N. Obs	N. Coefs	Estimator	Classical SEs	HC2 SEs	Stata clustered SEs	CR2 SEs
500	5	`estimatr::lm_robust()`	7.9	7.9	7.6	10.6
		base + sandwich/clubSandwich	2.3	5	6.7	45.9

5000	5	`estimatr::lm_robust()`	18.7	18.8	17.8	317
		base + sandwich/clubSandwich	6.4	26	45.9	2121.6

500	50	`estimatr::lm_robust()`	24.3	28.7	29.5	269
		base + sandwich/clubSandwich	17.5	43.9	69.5	404.3

5000	50	`estimatr::lm_robust()`	80.8	111.6	90.5	8464
		base + sandwich/clubSandwich	88.5	287	480.7	2.510^{4}

Instrumental variables regression

N. Obs	N. Coefs	Estimator	Classical SEs	HC0 SEs	CR2 SEs
500	5	`estimatr::iv_robust()`	8.2	8.9	11
		AER + ivpack/clubSandwich	11.9	10.1	49.9

5000	5	`estimatr::lm_robust()`	17.8	18.9	156.9
		AER + ivpack/clubSandwich	15.7	22.6	1814.1

500	50	`estimatr::lm_robust()`	25.8	26.1	80.9
		AER + ivpack/clubSandwich	46.2	51.8	310.3

5000	50	`estimatr::lm_robust()`	85.4	93.9	2594.4
		AER + ivpack/clubSandwich	144.7	316.4	1.610^{4}

Code that generated these data

To see the exact comparisons, see below.

library(estimatr)
library(microbenchmark)
# Create some data sets of different sizes for testing below
set.seed(42)
data_size <- expand.grid(list(ns = c(500, 5000), ps = c(5, 50)))
data_list <- lapply(
  1:nrow(data_size), 
  function(i) {
    n <- data_size$ns[i]
    p <- data_size$ps[i]
    y <- rnorm(n)
    X <- matrix(rnorm(n*p), n, p)
    return(data.frame(y, X))
  }
)

First, we can look at the classical standard errors case. We do a few more computations than summary.lm does, and have a bit more overhead.

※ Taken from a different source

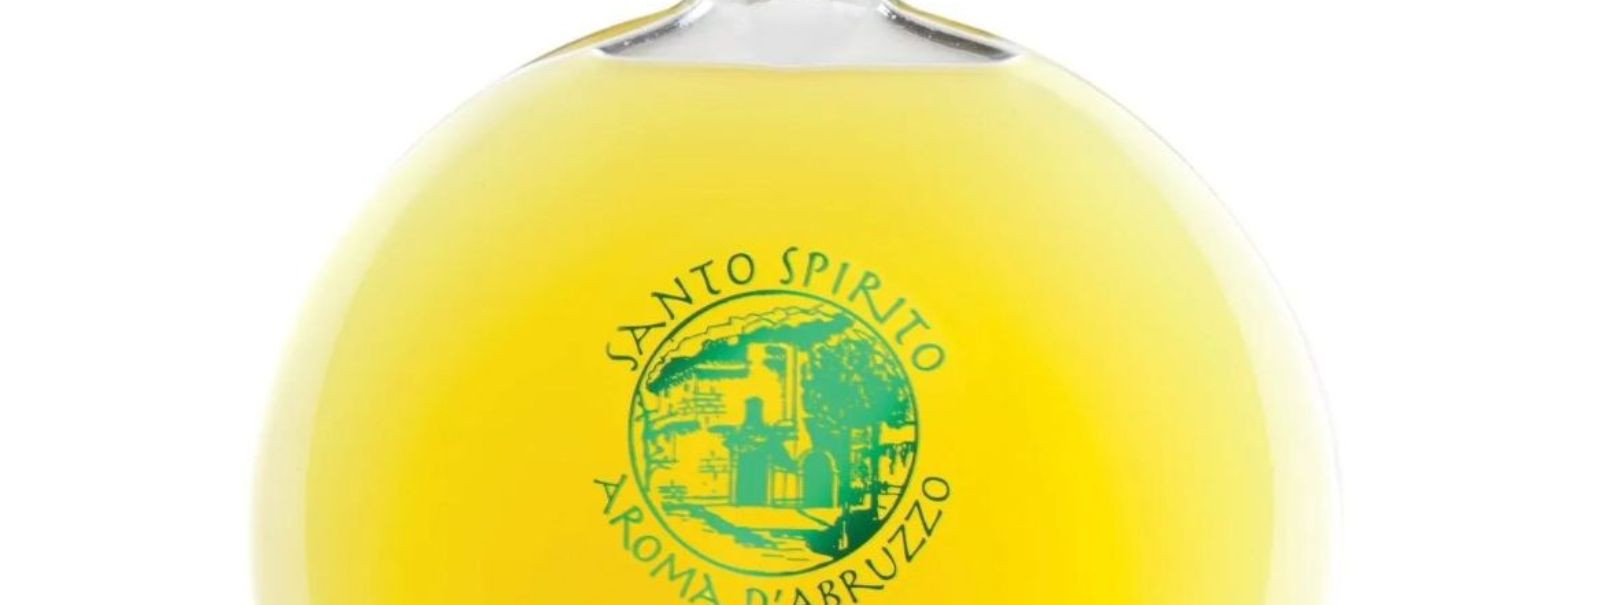 Lemoncello on Itaalia üks armastatumaid jooke, mida tuntakse üle maailma oma unikaalse maitse ja aroomi poolest. See karge ja värskendav jook on valmistatud Sor

test_base <- lapply(data_list, function(dat) {
  mbo <- summary(microbenchmark(
    'lm_robust' = lm_robust(y ~ ., data = dat, se_type = "classical"),
    'base' = summary(lm(y ~ ., data = dat)),
    times = 200L
  ),
  unit = "ms")
  return(mbo[, c("expr", "median")])
})

The following table has the median time in milliseconds across 50 runs of each estimator for each of the different data sets.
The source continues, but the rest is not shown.